Setting decapitalisation rates within regulations ensures consistency in approach across Scotland for all properties being valued on the contractor's basis.

If the decapitalisation rates were not prescribed, the situation would be as it was prior to 1990, with likely the same complex appeals and concurrent uncertainty for both ratepayers and public finances.

The Scottish Government therefore proposes to continue prescribing the decapitalisation rate(s) to be used in relation to properties valued using the contractor's basis.

As with the 2017 revaluation, the Scottish Government proposes to prescribe a decapitalisation rate, or rates, only for those properties valued using the contractor's basis. A prescribed decapitalisation rate does not mean that the contractor's basis is preferred by the Scottish Government to any other method of valuation.
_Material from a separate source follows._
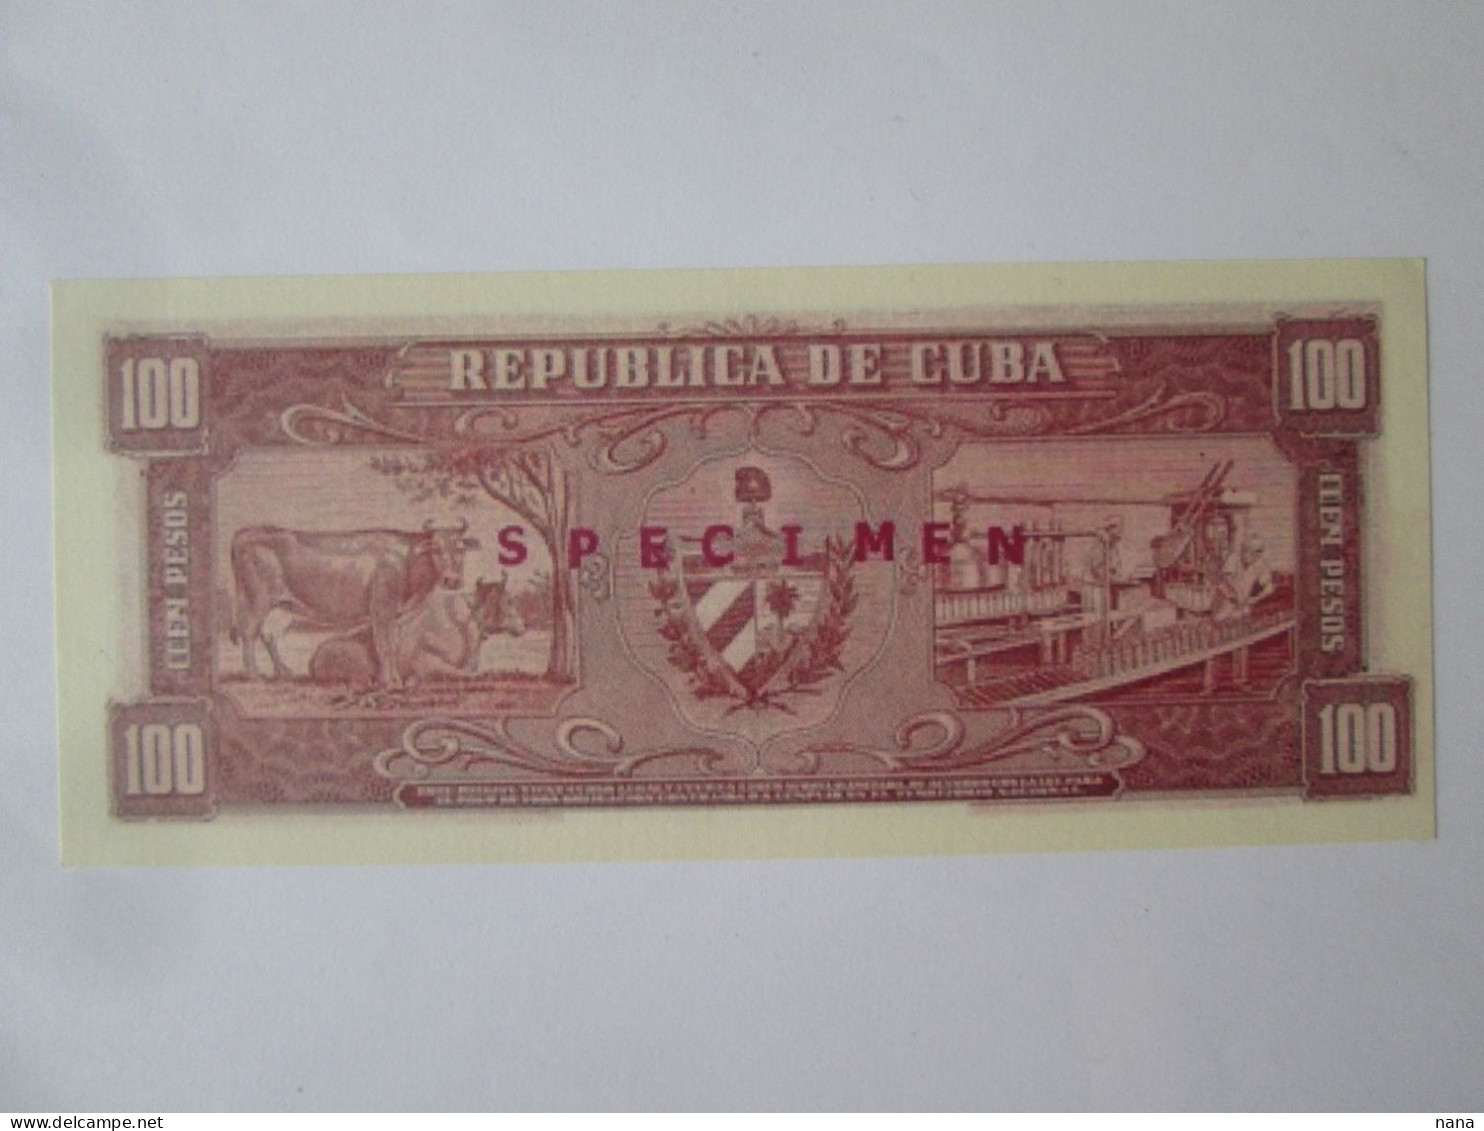 Cuba 100 Pesos Fantaisie BilletSpecimen Fidel Castro Et Che Guevara/Specimen Fantasy Banknote Fidel Castro & Che Guevara - Cuba
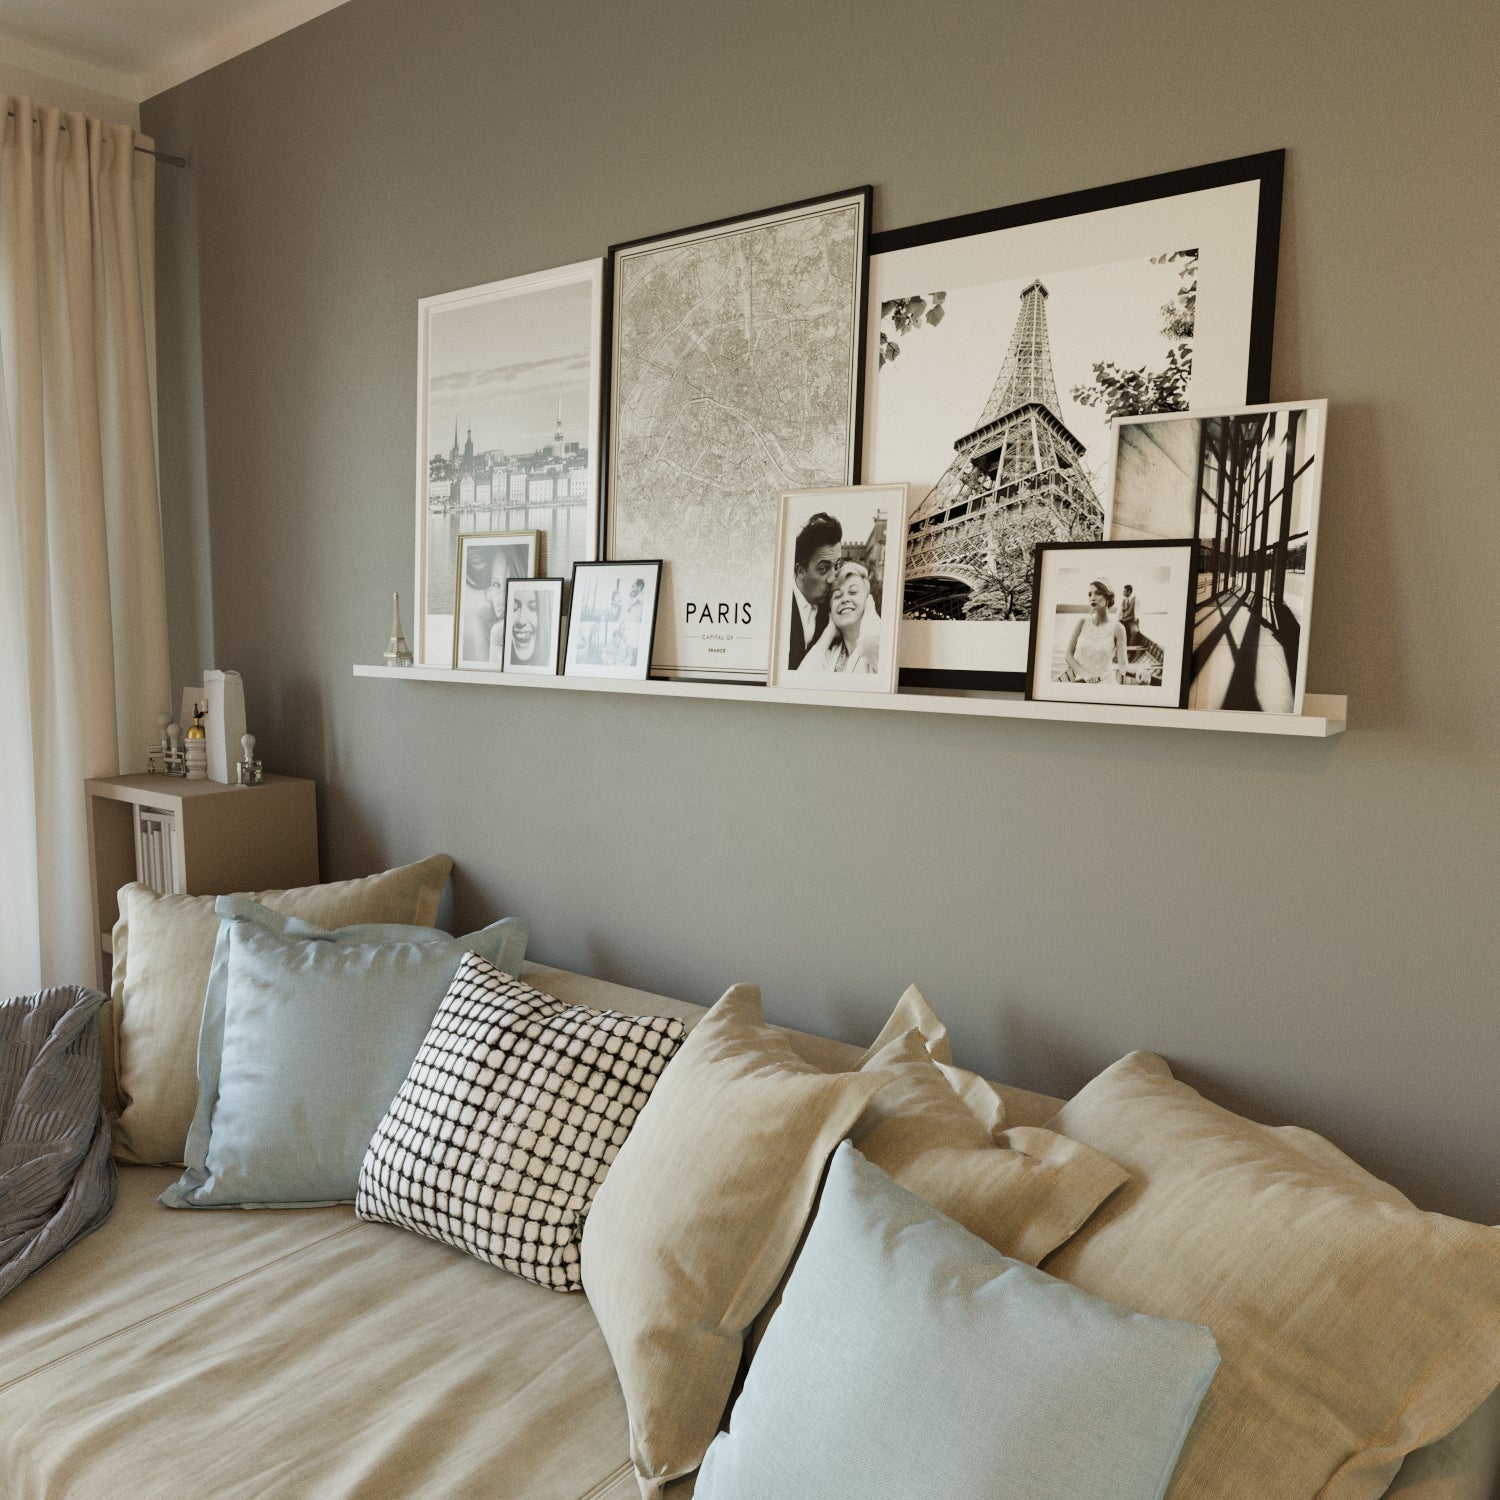 DENVER 72" Floating Shelves Wall Bookshelf and Picture Ledge for Living Room Decor – Set of 2 – White - Wallniture

The Assessors will continue to have discretion to choose the most appropriate method of valuation for the property concerned with regard to case law.

Prescribed decapitalisation rates should only be used where the contractor's basis is used. Scottish Ministers do not set in legislation any other decapitalisation rates in the context of rating which are therefore for the assessor to decide e.g. adjustments made to properties otherwise valued on the comparative principle.

Decapitalisation rates – Levels and Groupings

Since 1990, and subject to the rateability of Crown properties from April 2000, certain properties have been subject to a lower decapitalisation rate, set out in regulations. Since 2017[3], these have been:

  • church property;
  • healthcare property;
  • educational establishments (including day nurseries).

These groups were deemed to have special characteristics that merit separate consideration – for example, they may be funded from cheaper sources of public sector finance or charitable donations.

The standard rate applies to all other properties valued using the contractor's basis.

Appropriate rate(s) for the 2023 revaluation

The decapitalisation rate is only one of several factors which will affect a valuation made under the contractor's basis. Rateable values may also vary at revaluation because of changes in the value of land or changes in building costs as well.

Summary of questions on which views are sought

Q1. Should the Scottish Government continue to prescribe decapitalisation rates to be used for the contractor's basis method of valuation at the 2023 revaluation?

Q2. Should the Scottish Government continue to prescribe two decapitalisation rates?

Q3. If prescribing two decapitalisation rates, should the Scottish Government continue to maintain the current groupings of properties in each rate?

Q4. Do you have any further views on the decapitalisation rates for the 2023 revaluation?